Come faccio a creare una variabile di input di lunghezza LSTM in Keras?

Sto cercando di fare un po di vaniglia riconoscimento di pattern con un LSTM utilizzando Keras prevedere l’elemento successivo in una sequenza.

I miei dati simile a questa:

Come faccio a creare una variabile di input di lunghezza LSTM in Keras?

in cui l’etichetta della sequenza di training è l’ultimo elemento della lista: X_train['Sequence'][n][-1].

Perché il mio Sequence colonna può avere un numero variabile di elementi della sequenza, credo che una RNN essere il modello migliore per l’uso. Di seguito è il mio tentativo di costruire un LSTM in Keras:

# Build the model

# A few arbitrary constants...
max_features = 20000
out_size = 128

# The max length should be the length of the longest sequence (minus one to account for the label)
max_length = X_train['Sequence'].apply(len).max() - 1

# Normal LSTM model construction with sigmoid activation
model = Sequential()
model.add(Embedding(max_features, out_size, input_length=max_length, dropout=0.2))
model.add(LSTM(128, dropout_W=0.2, dropout_U=0.2))
model.add(Dense(1))
model.add(Activation('sigmoid'))

# try using different optimizers and different optimizer configs
model.compile(loss='binary_crossentropy', optimizer='adam', metrics=['accuracy'])

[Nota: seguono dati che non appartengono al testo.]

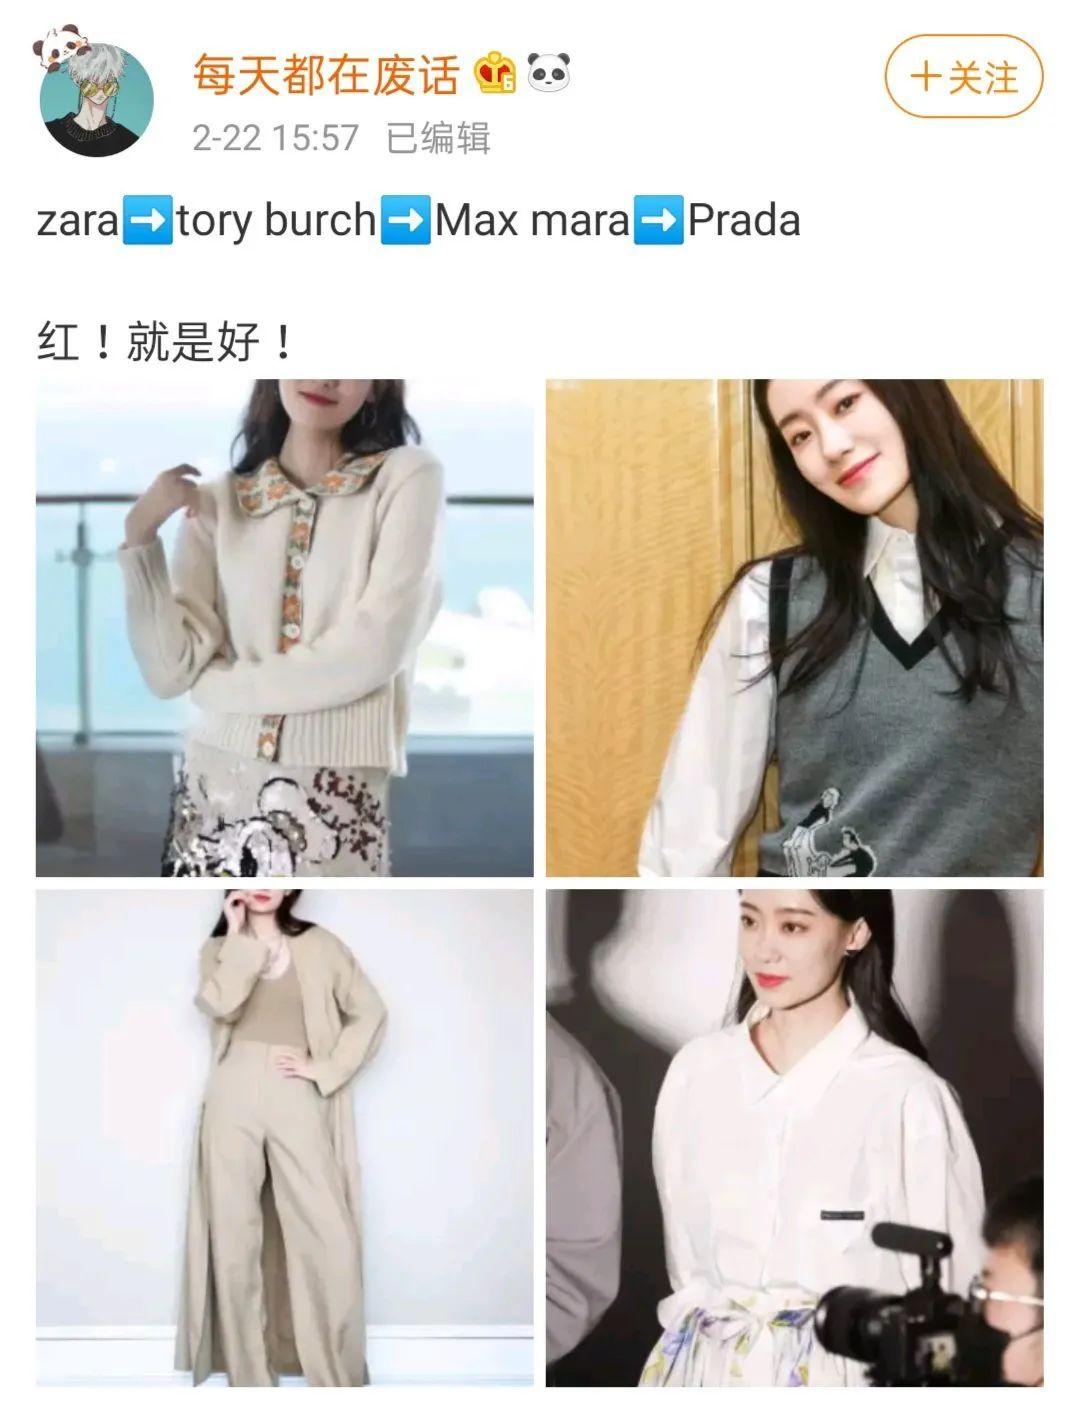 赚了48亿就是爽!短短5天,从穿Zara到穿Prada、让踩过她的人都道歉

Ed ecco come si tenta di addestrare il mio modello:

# Train the model
for seq in X_train['Sequence']:
    print("Length of training is {0}".format(len(seq[:-1])))
    print("Training set is {0}".format(seq[:-1]))
    model.fit(np.array([seq[:-1]]), [seq[-1]])

Mio output è questo:

Length of training is 13
Training set is [1, 3, 13, 87, 1053, 28576, 2141733, 508147108, 402135275365, 1073376057490373, 9700385489355970183, 298434346895322960005291, 31479360095907908092817694945]

Tuttavia, ottengo il seguente errore:

Exception: Error when checking model input: expected embedding_input_1 to have shape (None, 347) but got array with shape (1, 13)

Credo che la mia formazione passo è impostato correttamente, quindi il mio modello di costruzione deve essere sbagliato. Nota che il 347 è max_length.

Come posso creare correttamente una variabile di input di lunghezza LSTM in Keras? Preferisco non pad dati. Non so se è pertinente, ma io sto usando il Teano backend.

  • Sono riuscito a ottenere questo lavoro, specificando il input_shape e l’utilizzo di Nessuno per la lunghezza arbitraria.
  • Forse la mia domanda potrebbe essere utile a voi: stackoverflow.com/questions/38265922/…
InformationsquelleAutor erip | 2016-07-04



3 Replies
  1. 18

    Non sono chiare circa l’incorporamento di procedura. Ma ancora c’è un modo per implementare una variabile di input di lunghezza LSTM. Basta non specificare l’intervallo di dimensione quando si costruisce LSTM.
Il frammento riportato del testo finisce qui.